[DATASET SECTION Boundary: Start]
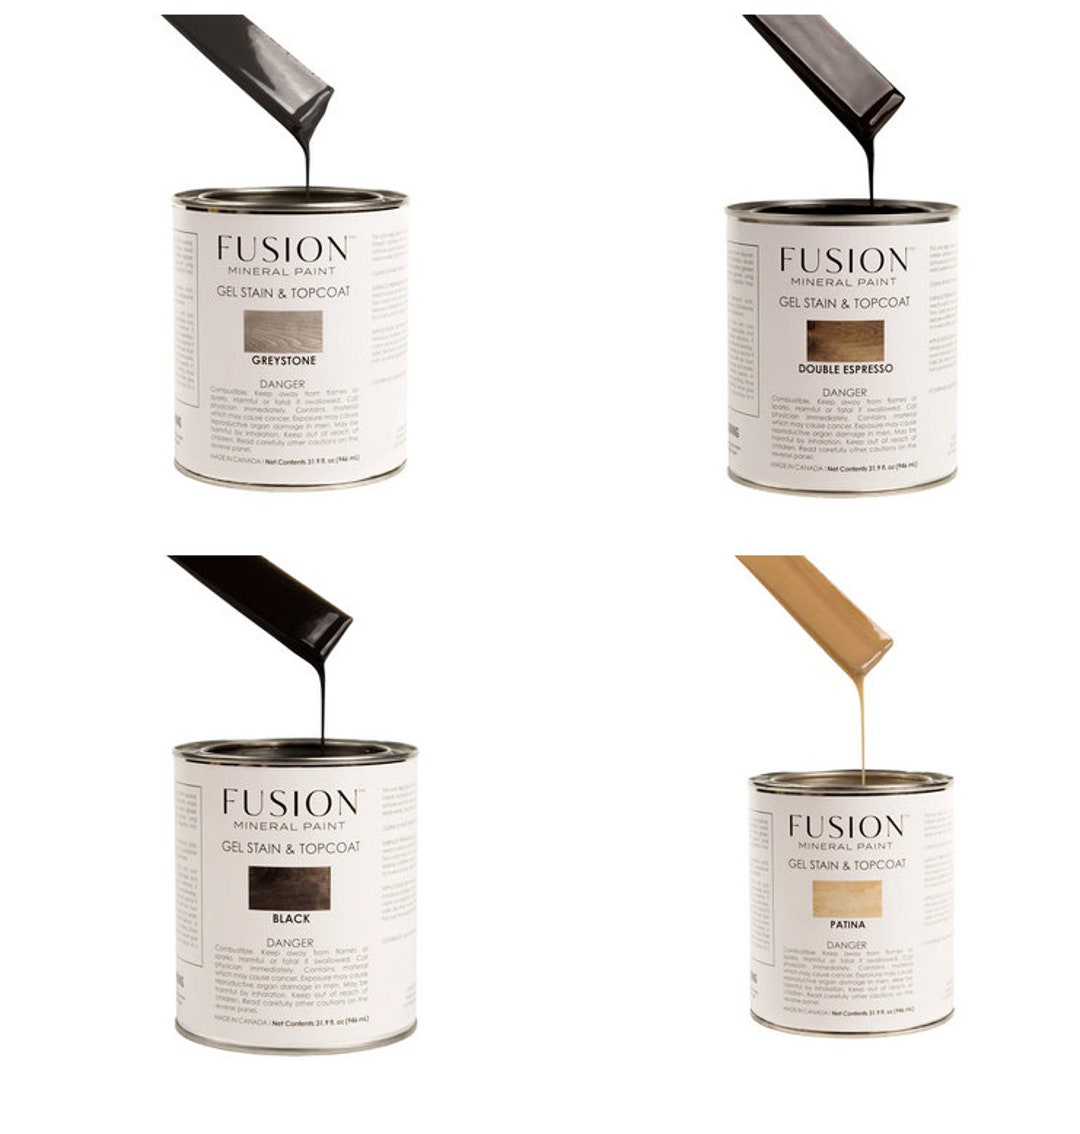 Pouring Resin – FUSION MINERAL PAINT
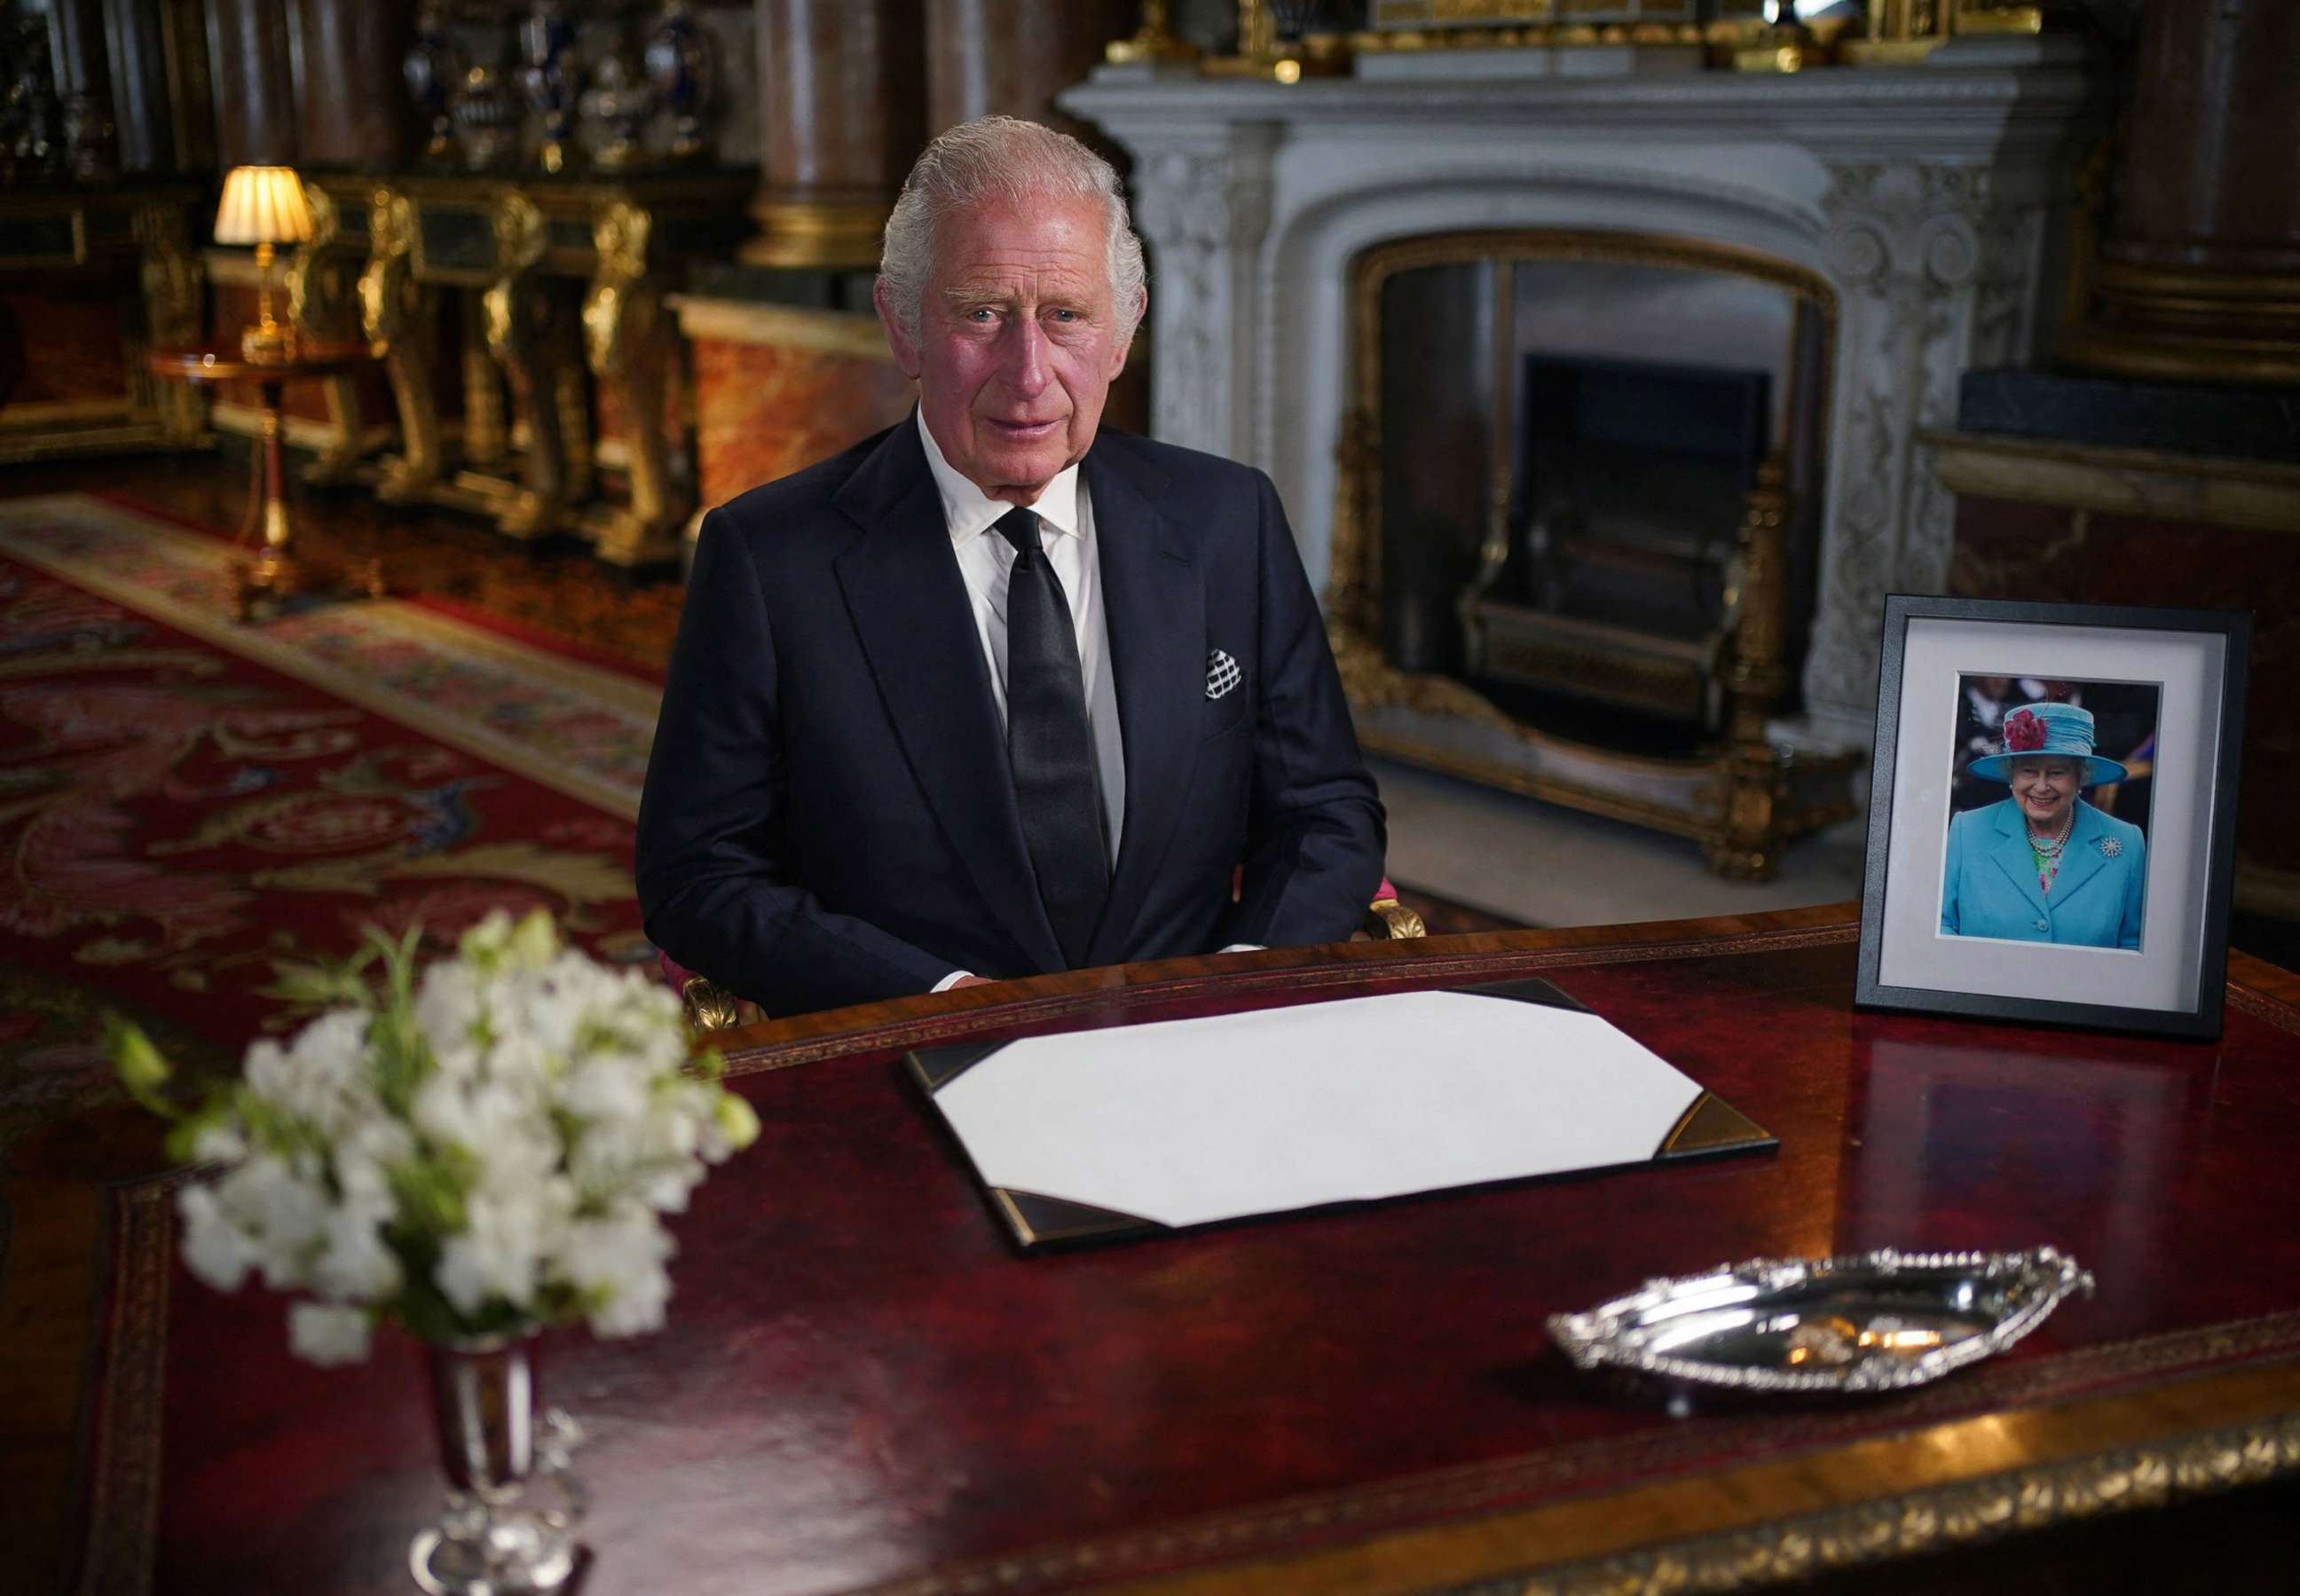 PHOTO: Britain's King Charles III makes a televised address to the Nation and the Commonwealth from the Blue Drawing Room at Buckingham Palace in London on Sept. 9, 2022, a day after Queen Elizabeth II died at the age of 96.
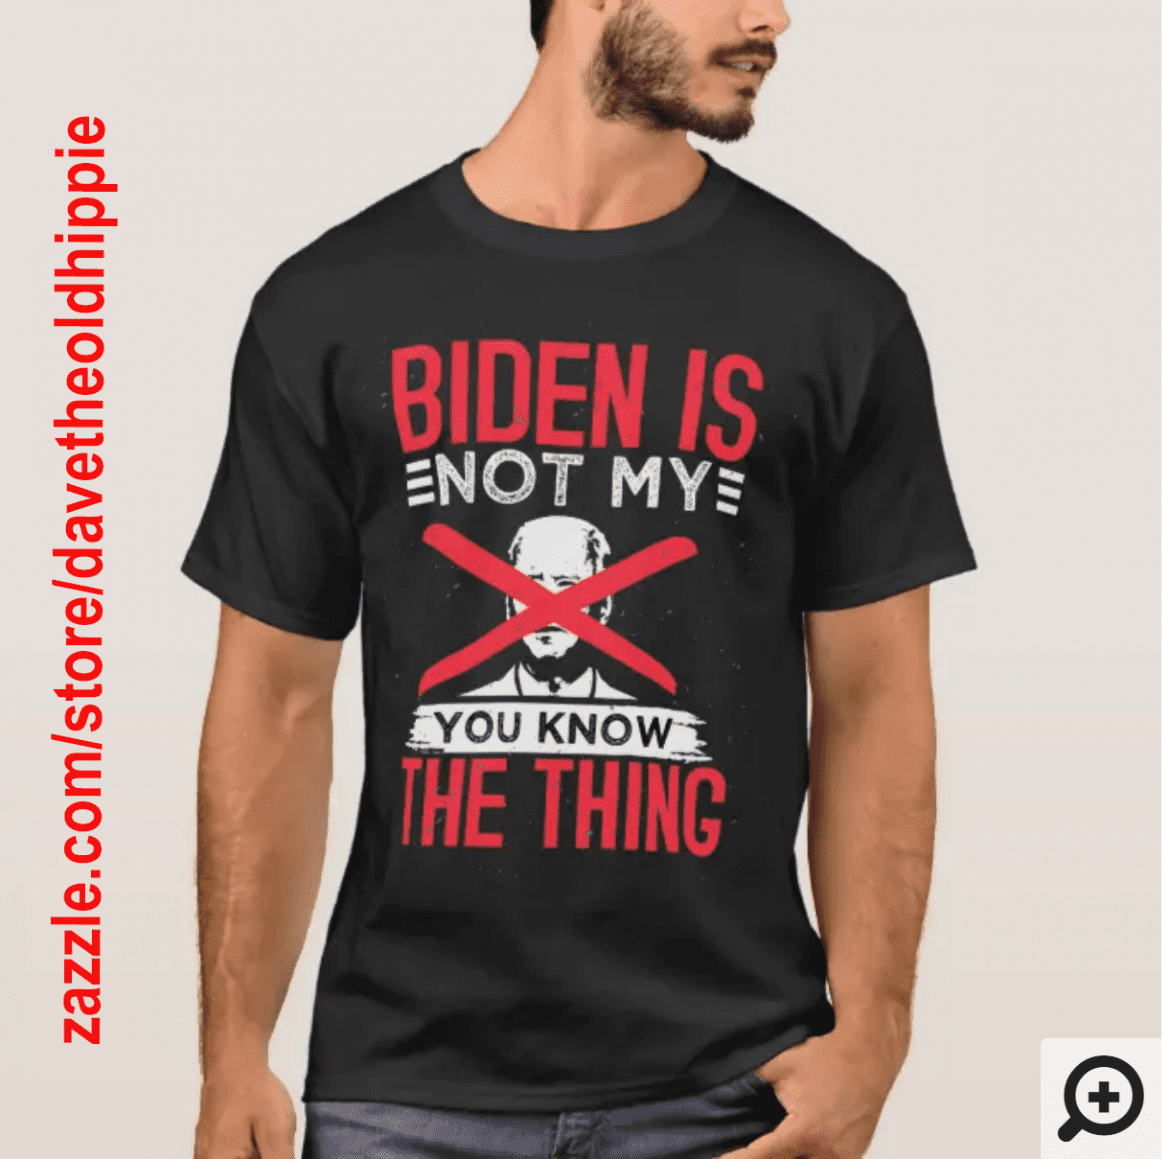 Biden Not My – You Know The Thing
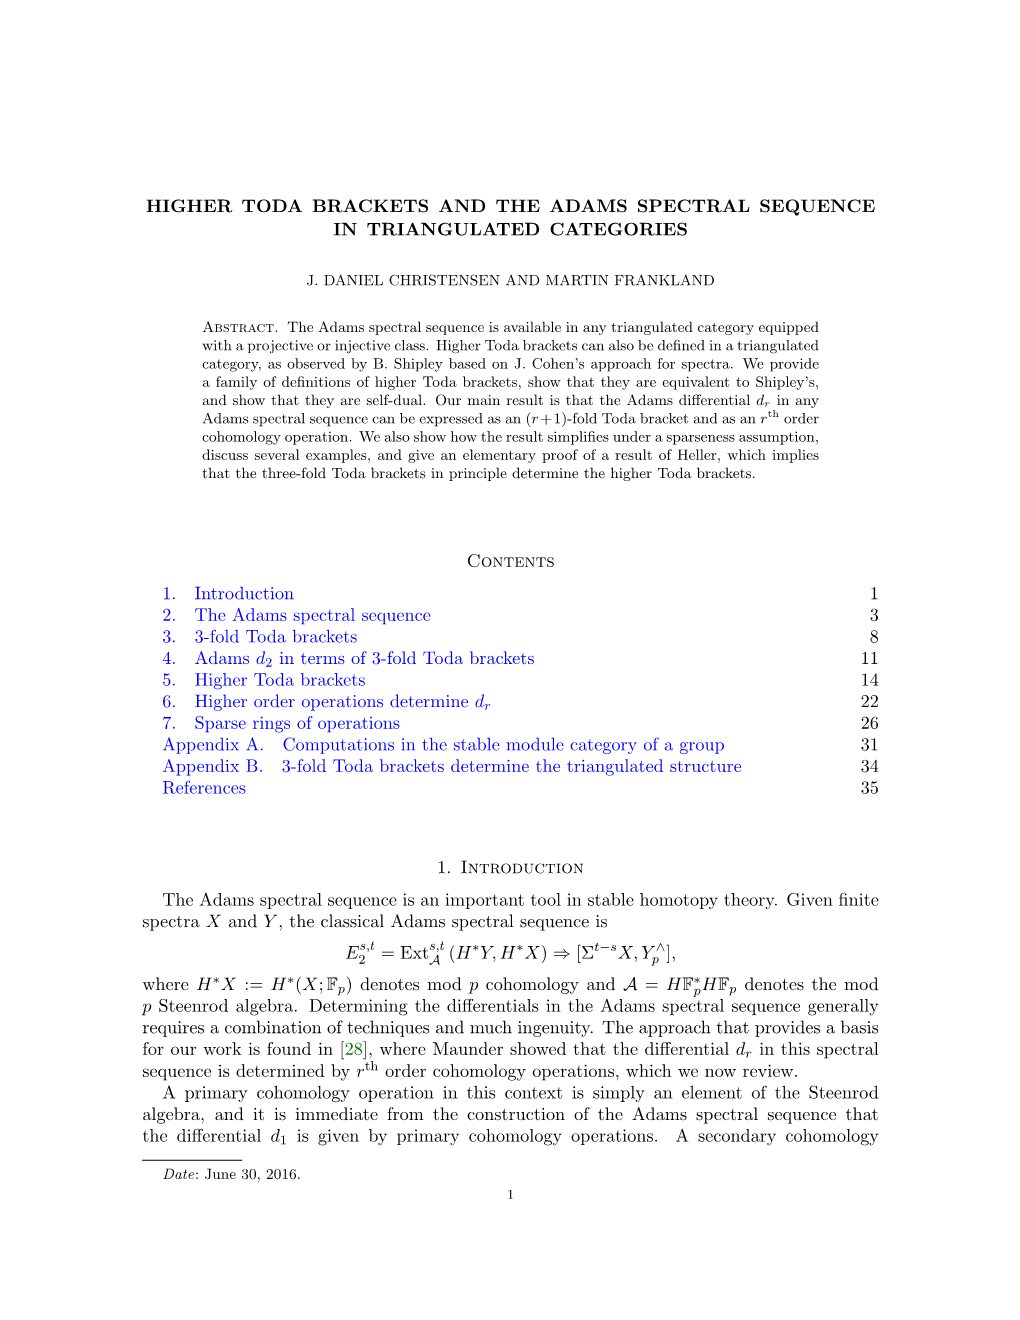 Higher Toda Brackets and the Adams Spectral Sequence in Triangulated Categories
[DATASET SECTION Boundary: End]
### YOUR OBJECTIVE
Retype the listing above exactly, please. Pictures do not belong in the copy.

### ANSWER FOR THIS EXERCISE
 Pouring Resin – FUSION MINERAL PAINT
 PHOTO: Britain's King Charles III makes a televised address to the Nation and the Commonwealth from the Blue Drawing Room at Buckingham Palace in London on Sept. 9, 2022, a day after Queen Elizabeth II died at the age of 96.
 Biden Not My – You Know The Thing
 Higher Toda Brackets and the Adams Spectral Sequence in Triangulated Categories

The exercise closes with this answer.